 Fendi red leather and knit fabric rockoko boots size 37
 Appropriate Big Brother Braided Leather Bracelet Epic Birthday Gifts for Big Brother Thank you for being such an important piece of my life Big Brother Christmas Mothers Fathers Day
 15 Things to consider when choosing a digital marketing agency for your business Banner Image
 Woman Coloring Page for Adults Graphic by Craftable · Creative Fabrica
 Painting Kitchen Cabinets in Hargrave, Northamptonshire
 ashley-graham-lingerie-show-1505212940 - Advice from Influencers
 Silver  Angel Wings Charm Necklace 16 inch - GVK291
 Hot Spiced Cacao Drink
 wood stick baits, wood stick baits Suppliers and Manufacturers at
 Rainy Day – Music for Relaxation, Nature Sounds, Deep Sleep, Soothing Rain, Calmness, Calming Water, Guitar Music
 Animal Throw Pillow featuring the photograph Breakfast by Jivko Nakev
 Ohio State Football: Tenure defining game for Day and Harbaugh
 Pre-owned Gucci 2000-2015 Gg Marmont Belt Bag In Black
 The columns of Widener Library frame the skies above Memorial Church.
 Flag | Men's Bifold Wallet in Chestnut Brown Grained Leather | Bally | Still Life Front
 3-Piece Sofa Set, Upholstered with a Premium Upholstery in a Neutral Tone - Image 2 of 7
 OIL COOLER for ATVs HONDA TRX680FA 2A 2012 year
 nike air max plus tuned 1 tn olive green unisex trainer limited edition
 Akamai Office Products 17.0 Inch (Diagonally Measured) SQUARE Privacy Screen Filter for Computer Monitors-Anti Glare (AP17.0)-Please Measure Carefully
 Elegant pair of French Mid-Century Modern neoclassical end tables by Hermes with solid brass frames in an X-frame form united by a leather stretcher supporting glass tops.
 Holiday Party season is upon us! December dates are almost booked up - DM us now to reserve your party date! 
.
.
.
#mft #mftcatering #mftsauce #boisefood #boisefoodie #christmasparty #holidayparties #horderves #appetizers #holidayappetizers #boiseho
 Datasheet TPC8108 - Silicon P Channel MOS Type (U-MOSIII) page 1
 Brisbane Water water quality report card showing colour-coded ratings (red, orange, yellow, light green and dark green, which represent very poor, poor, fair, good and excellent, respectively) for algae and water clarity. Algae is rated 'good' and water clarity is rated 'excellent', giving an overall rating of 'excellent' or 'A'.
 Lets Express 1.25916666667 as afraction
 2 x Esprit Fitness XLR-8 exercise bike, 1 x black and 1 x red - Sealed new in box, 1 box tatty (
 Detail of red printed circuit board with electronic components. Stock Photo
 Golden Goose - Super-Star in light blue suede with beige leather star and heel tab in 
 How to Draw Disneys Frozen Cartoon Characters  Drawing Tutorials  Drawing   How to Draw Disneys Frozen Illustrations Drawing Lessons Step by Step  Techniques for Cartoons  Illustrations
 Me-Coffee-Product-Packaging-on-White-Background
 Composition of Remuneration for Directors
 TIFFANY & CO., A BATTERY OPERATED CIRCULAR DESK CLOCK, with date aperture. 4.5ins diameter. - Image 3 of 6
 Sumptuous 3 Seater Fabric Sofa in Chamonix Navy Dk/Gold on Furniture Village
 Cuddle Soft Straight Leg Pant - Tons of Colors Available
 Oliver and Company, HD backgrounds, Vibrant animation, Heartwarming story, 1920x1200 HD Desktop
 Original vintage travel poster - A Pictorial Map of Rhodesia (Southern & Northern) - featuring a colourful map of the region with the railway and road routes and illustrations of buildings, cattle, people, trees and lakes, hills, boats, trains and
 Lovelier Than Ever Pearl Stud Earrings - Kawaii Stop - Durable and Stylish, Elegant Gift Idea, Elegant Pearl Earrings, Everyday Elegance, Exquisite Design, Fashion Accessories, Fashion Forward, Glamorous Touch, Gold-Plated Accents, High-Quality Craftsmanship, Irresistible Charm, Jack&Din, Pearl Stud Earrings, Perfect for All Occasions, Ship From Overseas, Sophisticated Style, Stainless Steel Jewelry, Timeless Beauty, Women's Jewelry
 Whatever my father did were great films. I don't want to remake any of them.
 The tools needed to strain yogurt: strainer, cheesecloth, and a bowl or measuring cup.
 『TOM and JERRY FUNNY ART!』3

**EXERCISE OBJECTIVE:** Write down all of the listing exactly.

**SOLUTION TO THIS EXERCISE:**
 Fendi red leather and knit fabric rockoko boots size 37
 Appropriate Big Brother Braided Leather Bracelet Epic Birthday Gifts for Big Brother Thank you for being such an important piece of my life Big Brother Christmas Mothers Fathers Day
 15 Things to consider when choosing a digital marketing agency for your business Banner Image
 Woman Coloring Page for Adults Graphic by Craftable · Creative Fabrica
 Painting Kitchen Cabinets in Hargrave, Northamptonshire
 ashley-graham-lingerie-show-1505212940 - Advice from Influencers
 Silver  Angel Wings Charm Necklace 16 inch - GVK291
 Hot Spiced Cacao Drink
 wood stick baits, wood stick baits Suppliers and Manufacturers at
 Rainy Day – Music for Relaxation, Nature Sounds, Deep Sleep, Soothing Rain, Calmness, Calming Water, Guitar Music
 Animal Throw Pillow featuring the photograph Breakfast by Jivko Nakev
 Ohio State Football: Tenure defining game for Day and Harbaugh
 Pre-owned Gucci 2000-2015 Gg Marmont Belt Bag In Black
 The columns of Widener Library frame the skies above Memorial Church.
 Flag | Men's Bifold Wallet in Chestnut Brown Grained Leather | Bally | Still Life Front
 3-Piece Sofa Set, Upholstered with a Premium Upholstery in a Neutral Tone - Image 2 of 7
 OIL COOLER for ATVs HONDA TRX680FA 2A 2012 year
 nike air max plus tuned 1 tn olive green unisex trainer limited edition
 Akamai Office Products 17.0 Inch (Diagonally Measured) SQUARE Privacy Screen Filter for Computer Monitors-Anti Glare (AP17.0)-Please Measure Carefully
 Elegant pair of French Mid-Century Modern neoclassical end tables by Hermes with solid brass frames in an X-frame form united by a leather stretcher supporting glass tops.
 Holiday Party season is upon us! December dates are almost booked up - DM us now to reserve your party date! 
.
.
.
#mft #mftcatering #mftsauce #boisefood #boisefoodie #christmasparty #holidayparties #horderves #appetizers #holidayappetizers #boiseho
 Datasheet TPC8108 - Silicon P Channel MOS Type (U-MOSIII) page 1
 Brisbane Water water quality report card showing colour-coded ratings (red, orange, yellow, light green and dark green, which represent very poor, poor, fair, good and excellent, respectively) for algae and water clarity. Algae is rated 'good' and water clarity is rated 'excellent', giving an overall rating of 'excellent' or 'A'.
 Lets Express 1.25916666667 as afraction
 2 x Esprit Fitness XLR-8 exercise bike, 1 x black and 1 x red - Sealed new in box, 1 box tatty (
 Detail of red printed circuit board with electronic components. Stock Photo
 Golden Goose - Super-Star in light blue suede with beige leather star and heel tab in 
 How to Draw Disneys Frozen Cartoon Characters  Drawing Tutorials  Drawing   How to Draw Disneys Frozen Illustrations Drawing Lessons Step by Step  Techniques for Cartoons  Illustrations
 Me-Coffee-Product-Packaging-on-White-Background
 Composition of Remuneration for Directors
 TIFFANY & CO., A BATTERY OPERATED CIRCULAR DESK CLOCK, with date aperture. 4.5ins diameter. - Image 3 of 6
 Sumptuous 3 Seater Fabric Sofa in Chamonix Navy Dk/Gold on Furniture Village
 Cuddle Soft Straight Leg Pant - Tons of Colors Available
 Oliver and Company, HD backgrounds, Vibrant animation, Heartwarming story, 1920x1200 HD Desktop
 Original vintage travel poster - A Pictorial Map of Rhodesia (Southern & Northern) - featuring a colourful map of the region with the railway and road routes and illustrations of buildings, cattle, people, trees and lakes, hills, boats, trains and
 Lovelier Than Ever Pearl Stud Earrings - Kawaii Stop - Durable and Stylish, Elegant Gift Idea, Elegant Pearl Earrings, Everyday Elegance, Exquisite Design, Fashion Accessories, Fashion Forward, Glamorous Touch, Gold-Plated Accents, High-Quality Craftsmanship, Irresistible Charm, Jack&Din, Pearl Stud Earrings, Perfect for All Occasions, Ship From Overseas, Sophisticated Style, Stainless Steel Jewelry, Timeless Beauty, Women's Jewelry
 Whatever my father did were great films. I don't want to remake any of them.
 The tools needed to strain yogurt: strainer, cheesecloth, and a bowl or measuring cup.
 『TOM and JERRY FUNNY ART!』3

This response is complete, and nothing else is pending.